Maternal mortality is high in Bangladesh, female participation in civil society is very limited and education of women, though actively encouraged for girls by government subsidies, still lags behind males at the higher levels.  Women have a literacy rate 20% than average in a community where average literacy is only 40% – and this judged by the most minimum of criteria. 

Crimes against women are widely reported, and domestic abuse is commonplace – a report by the Center for Health and Gender Equality in the USA in 1999 noted that 47% of women in Bangladesh have been physically assaulted by their husband or partner.  The Dowry and a patrilineal marriage system are common causes of abuse, discord, divorce, and increased poverty, as well as being a primary reason for a preference for male children and the neglect of girls. 

LAMB’s work is providing a vital service for women and their families – if the rural population of Bangladesh have access to health care facilities and can work, they are much less likely to feel the need to move into the cities such as Dhaka, leading to family break-up, loss of community, increased pressure on urban services and even greater poverty.

With regards to TB, case finding among women is much lower than men.  This may be due to exclusion from wider society and hence decreased exposure to the disease, or this exclusion may inhibit access to TB services.  It is not uncommon for a man to leave his wife if she develops TB, and if she is not already married the stigma attached to TB may prevent a woman from finding a husband.  TB can lead to isolation and abandonment by the woman’s family members too.  This may hinder women’s presentation for diagnosis and treatment because of (rightly) perceived increased stigmatisation resulting from the diagnosis of TB. 

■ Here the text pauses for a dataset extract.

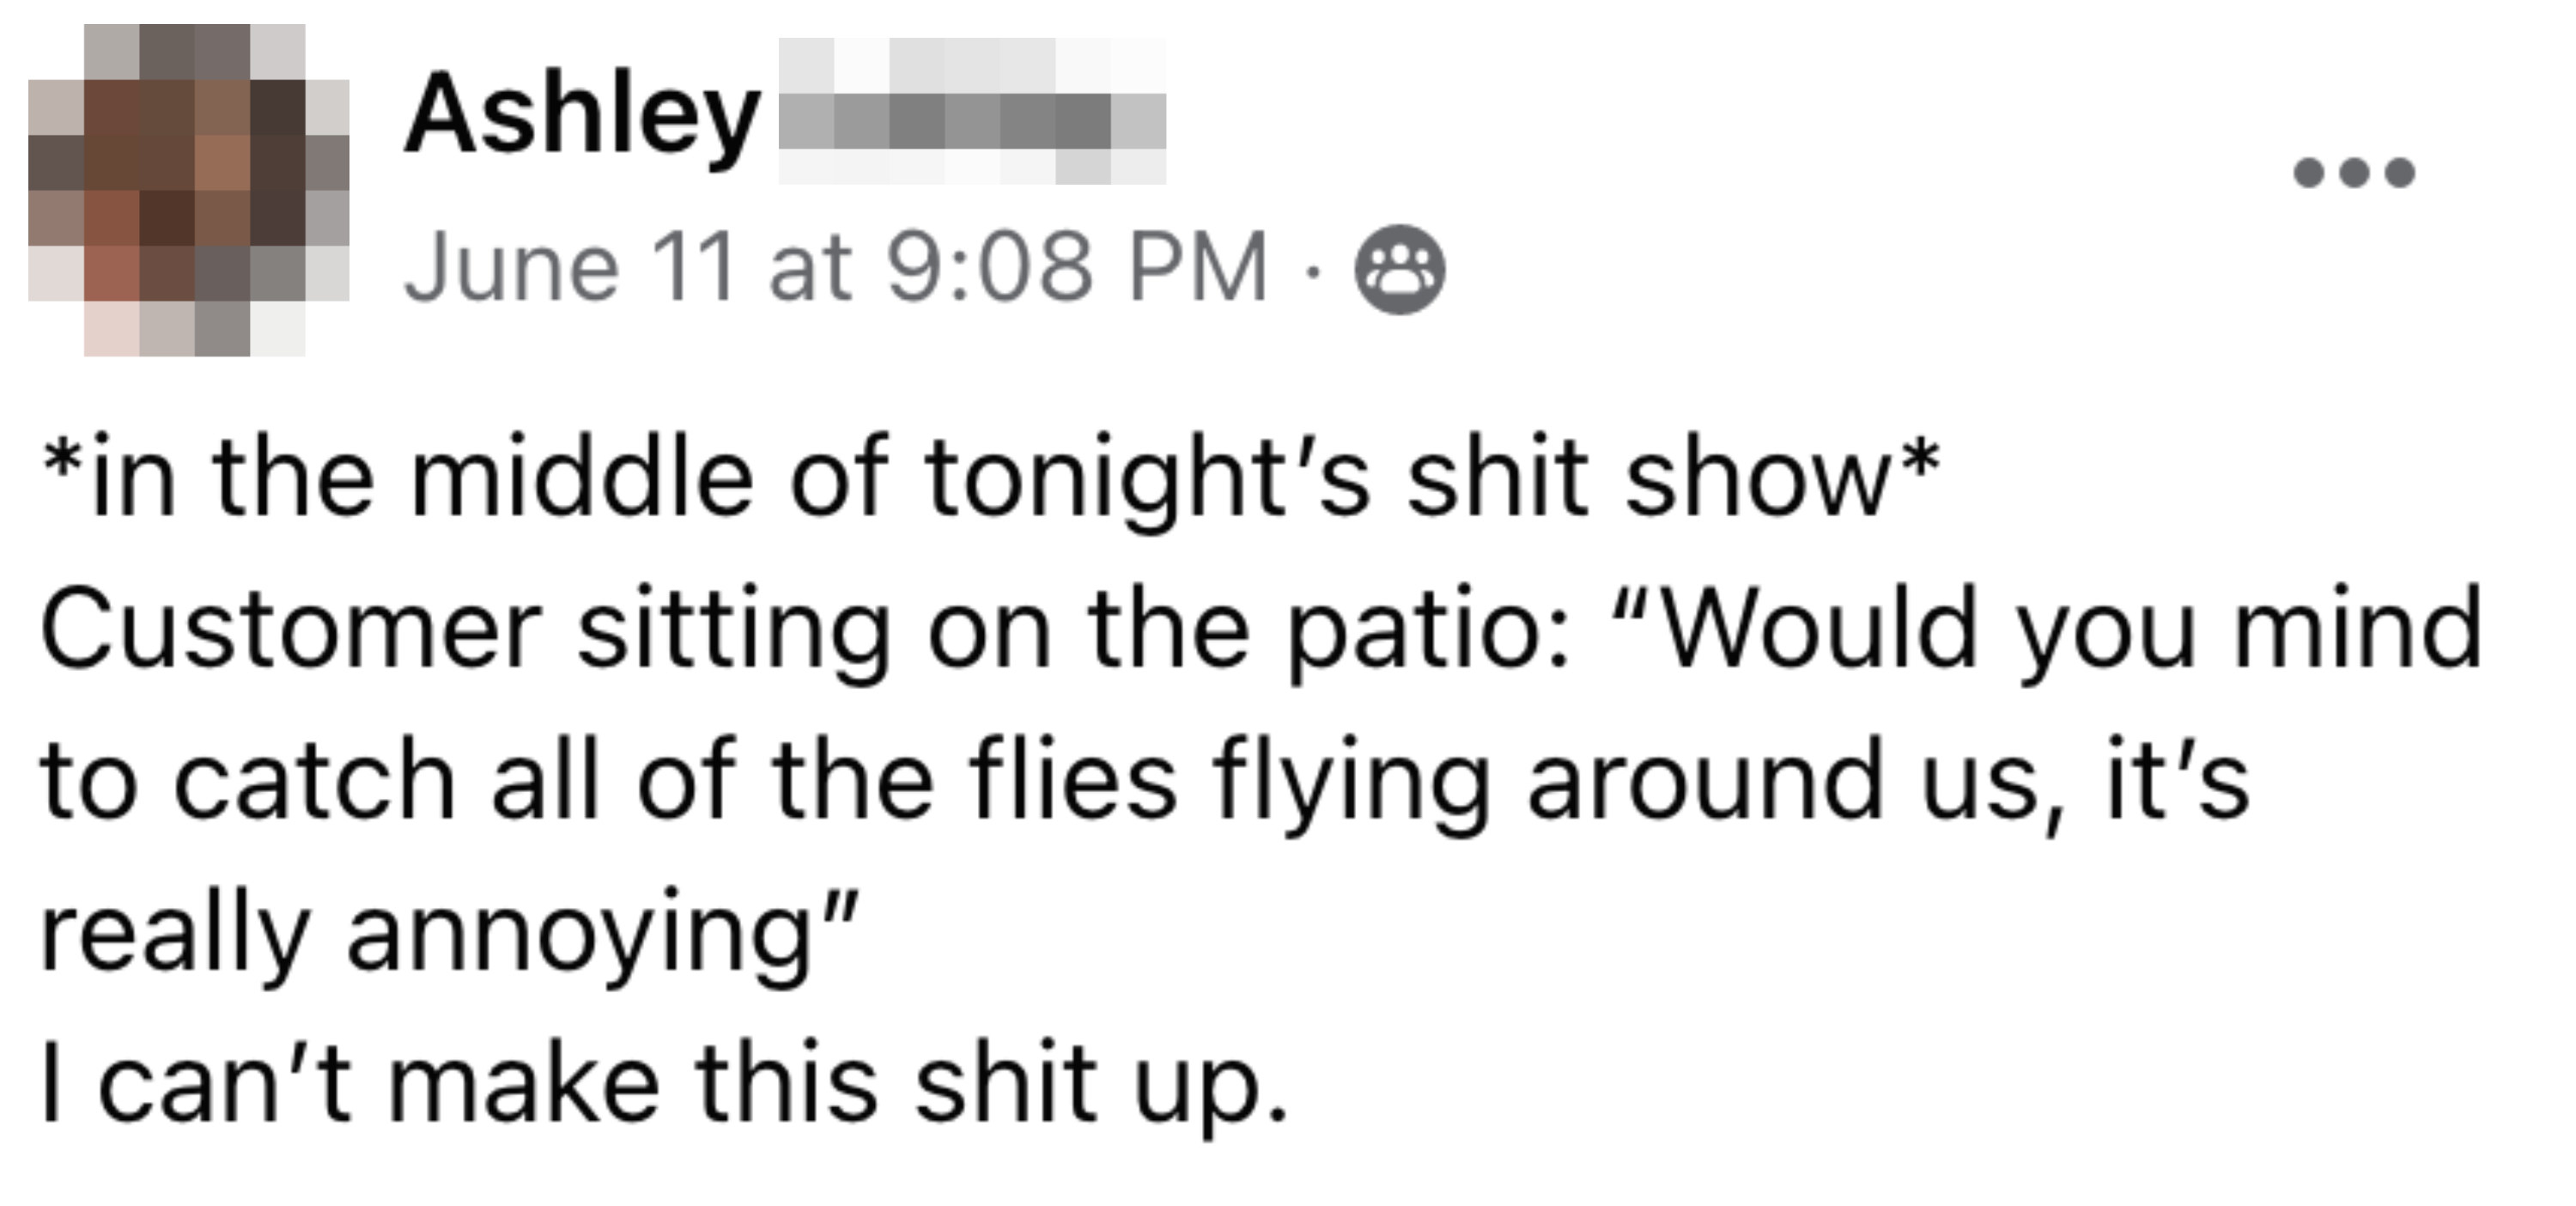 customer asks a server to kill all the flies around them
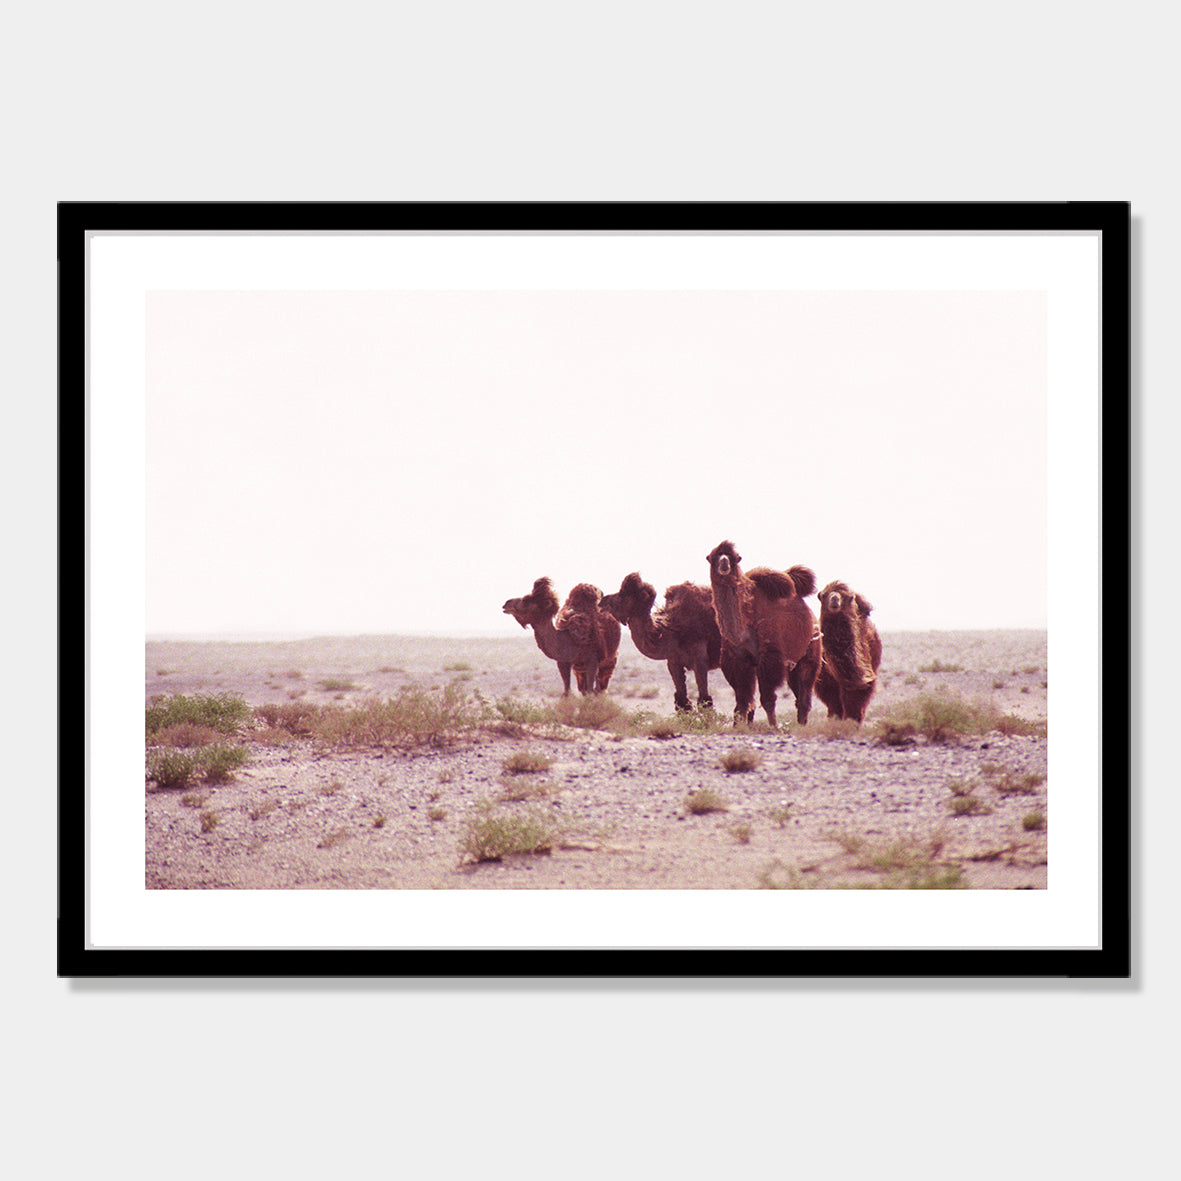 Photographic art print of Camels in the Gobi Desert, China by Bon Jung. Printed in New Zealand by endemicworld framed in black.

These intangible burdens result in depression, anxiety and lower life satisfaction, further adding to the burden of TB.  Involving women in the strategy to reach women, especially as volunteers, and as trained community health educators (especially those who have been cured of the disease) has proved effective in the field of leprosy locally, and LAMB aims to use these methods in regard to TB.   LAMB’s awareness-raising work not only improves self-referrals and early case-detection, but also aims to change attitudes to the disease, breaking down the barriers of discrimination and stigma.